Soil microbes and fungi are capable of trapping the gas and keeping it in the soil, Dr Radford said.
The compost will will come from households across the City of Greater Bendigo and the Campaspe Shire. Company Biomix will prepare it for use on cattle farms near Raywood, Arnold, Stanhope and Kyabram.
Cattle will be rotated on and off the pasture for short periods to see whether soil is improved by having time to rest and recover.
It is unclear whether that process will offset the greenhouse gas emissions that the cows create - methane and nitrous oxide farted and belched out of livestock accounts for 10 per cent of the country's emissions, according to the Australian Department of Agriculture.
"That's sort of what we're investigating," Dr Radford said.
Trials in the United States found as much as three tons of carbon trapped over three years, but central Victoria had less productive soil and a dryer climate, he said.

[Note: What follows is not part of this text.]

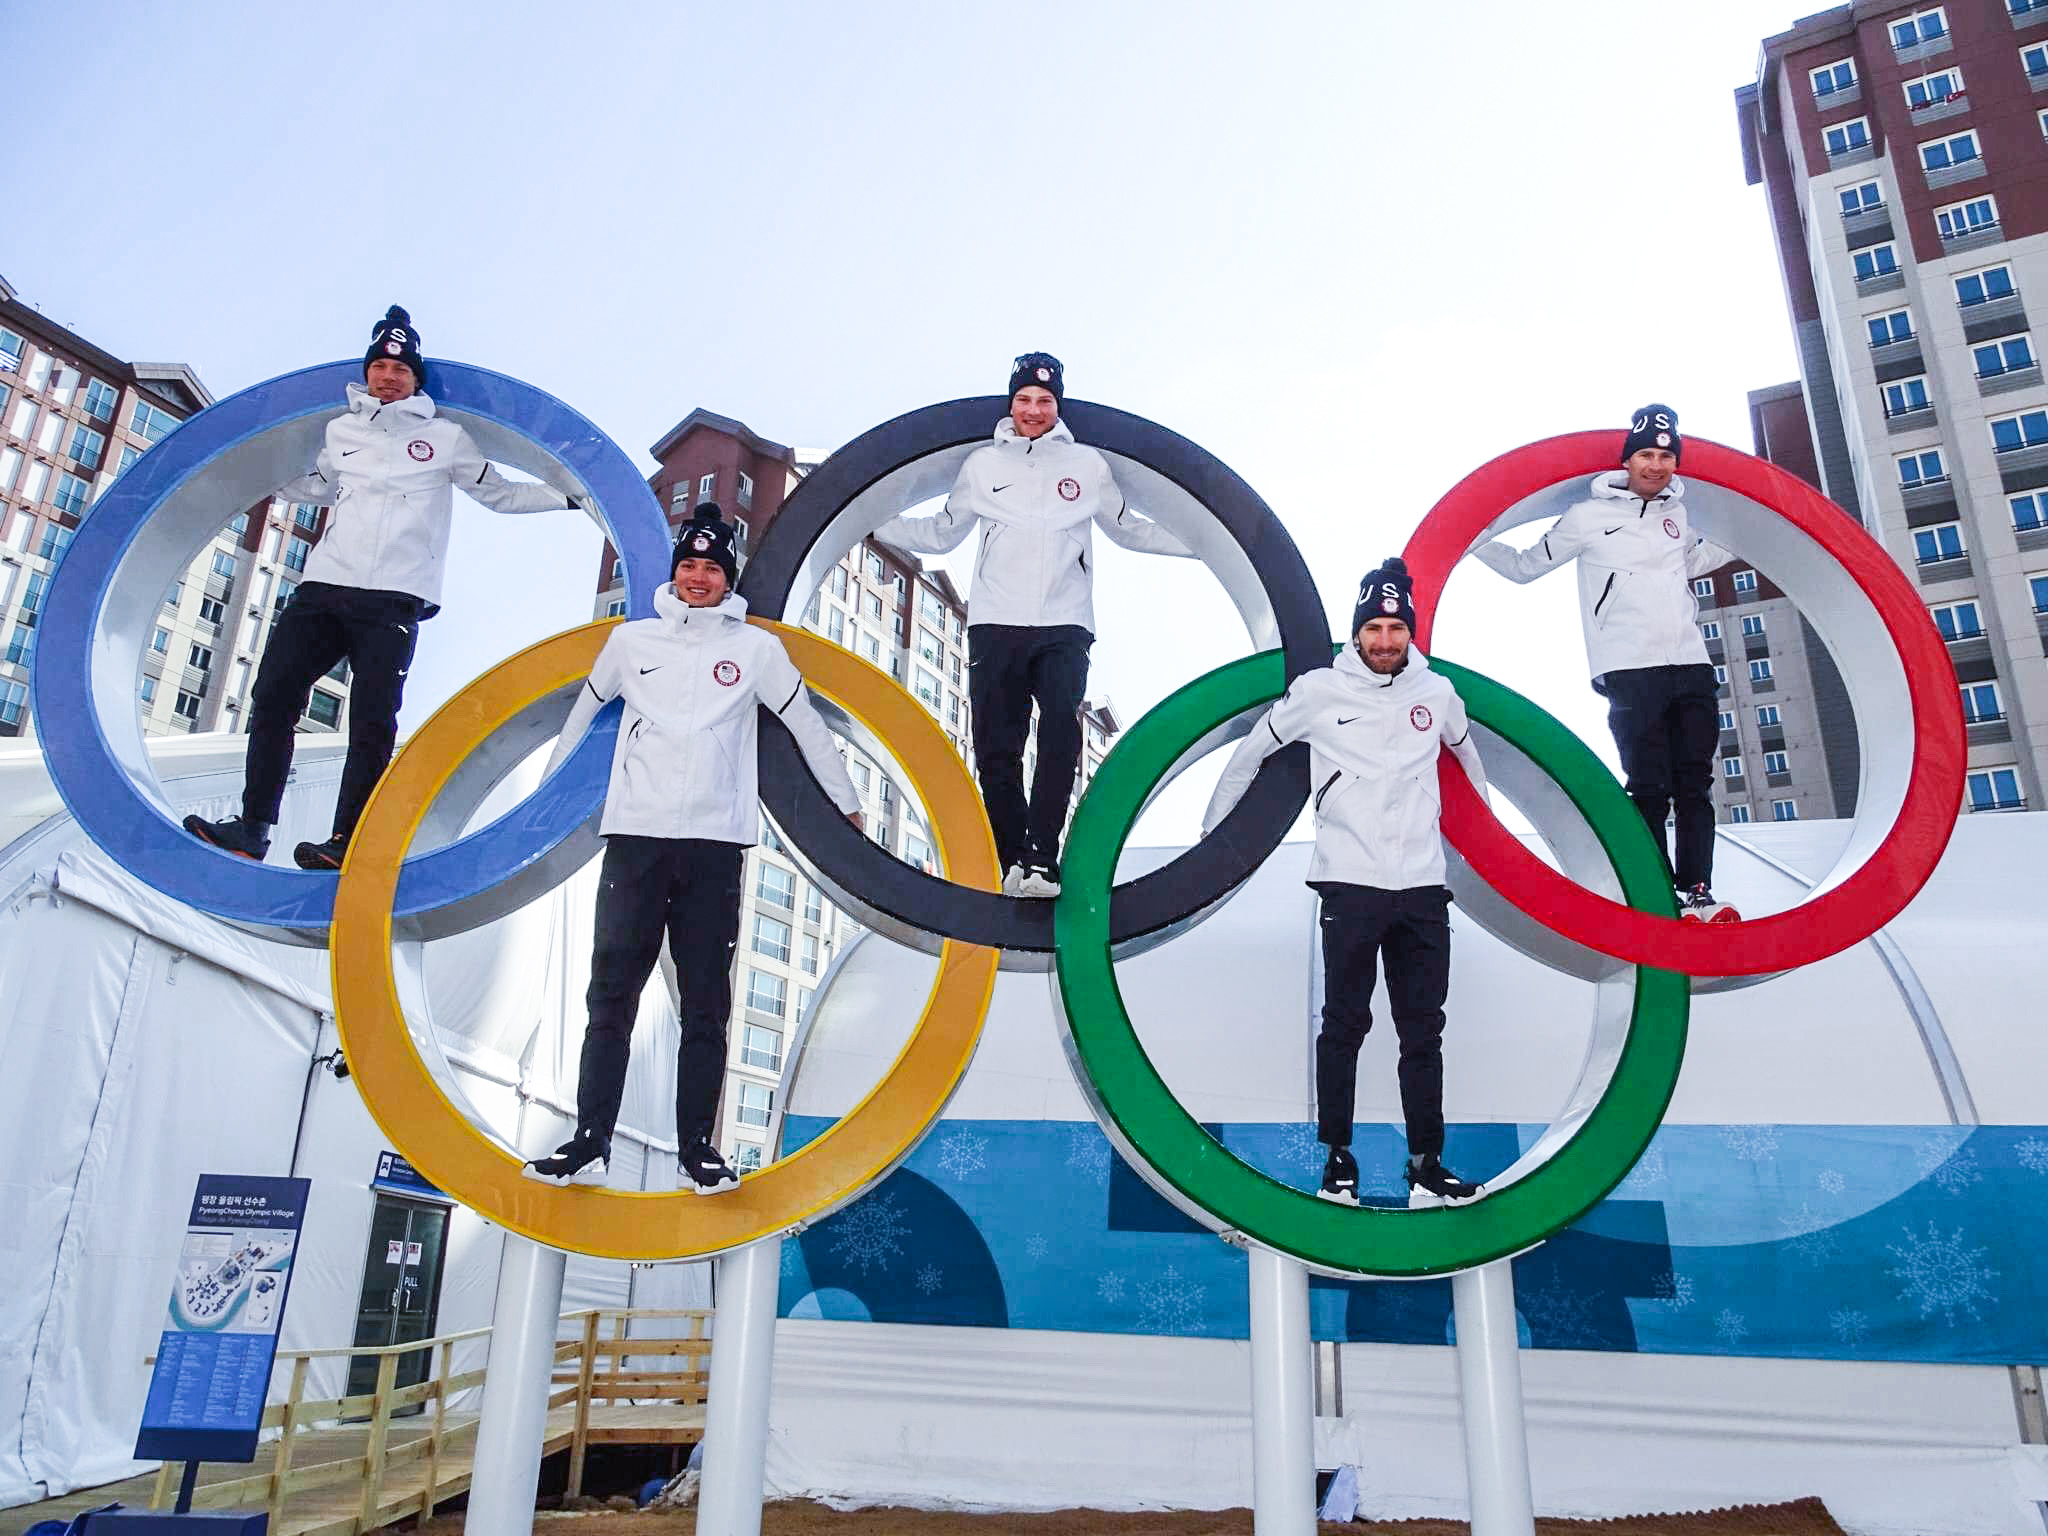 The Nordic Journey: Becoming An Olympian & Saying Goodbye to Pyeongchang

"But if we assume we could store half of that, and that system was rolled out across all the north central and Goulburn Broken regions, that could be the equivalent of seven-and-a-half million passenger vehicles being sucked out of the atmosphere," Dr Radford said.
That would be the same as eliminating nearly 40 per cent of the nation's cars. A recent Australian Bureau of Statistics census put the number of cars across the country at 19.5 million.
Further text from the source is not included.